First blogging away from home. All two miles of distance.

My best session today was ten sessions long. The problem with GDC is that, even when you know the speaker and the topic, sometimes you don’t get you what you’re looking for. Or the speaker has a bad day, whatever. What’s one answer to that? Shorter sessions. For the second year in a row, I attended the the microtalks panel: Ten speakers, five minutes each.

Tracy Fullerton’s talk on difficulty was interesting. As was Clint Hocking’s rock-throwing at reviews in games. But for information density per second, I enjoyed N’gai’s examination of player controlled difficulty: sometimes overt and sometimes as a dynamic response by the game. There’s obvious value and applicability in letting the player choose difficulty, even in multiplayer (Gears 2), but what interested me was how else you could systematically layer in difficulty without just tweaking numbers and AI reaction times.

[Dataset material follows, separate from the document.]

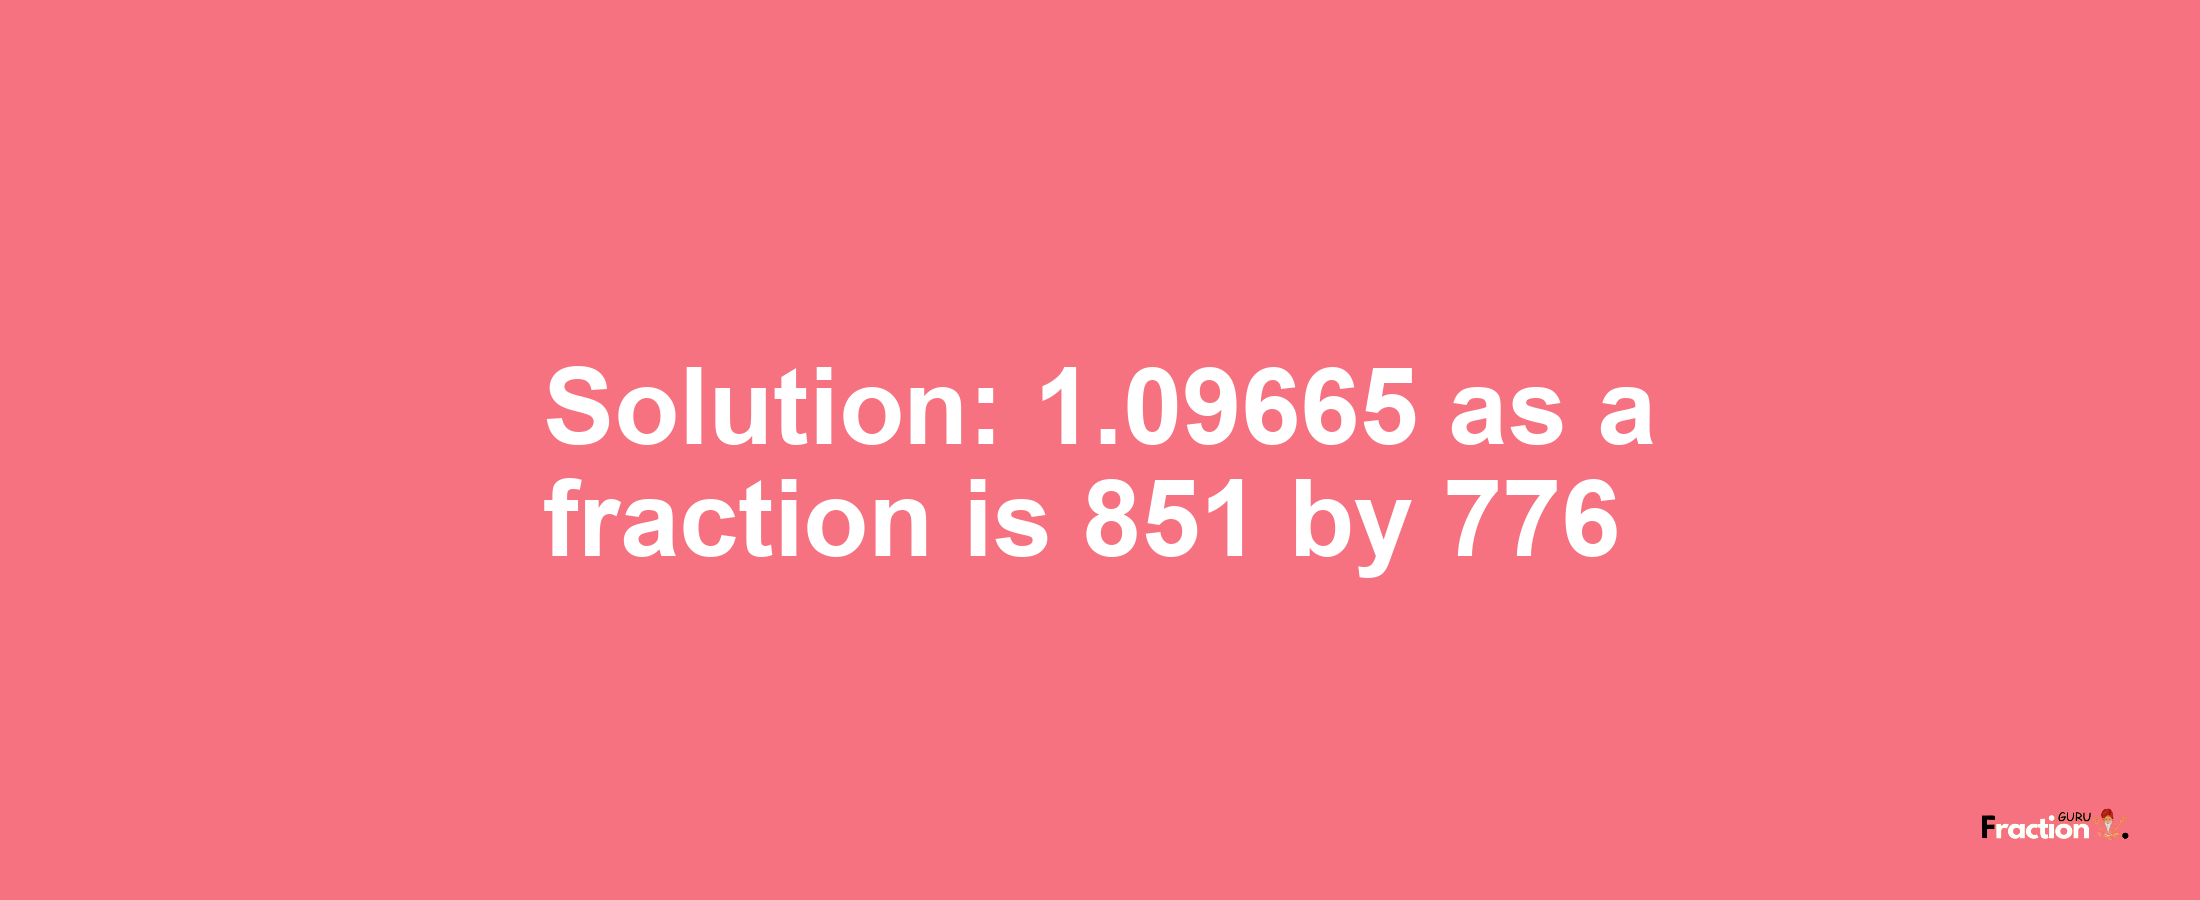 Solution:1.09665 as a fraction is 851/776

mg ssBest example? Ratchet and Clank. Die in the game, and you respawn, of course, but so have the power-up bolts. And you still keep the bolts you’ve already earned. Unlike our usual expectation where the hard core player is the only one to embrace repeated content and grab collectibles, here the power-up wee factor means that the guy who dies doesn’t feel so bad, and the extra power-ups mean an easier experience as he goes.

PS: I love Metal Gear, including MGS4. And what was my favorite takeaway from the Kojima keynote? The stealth genre was born out of a sprite limitation on the MSX.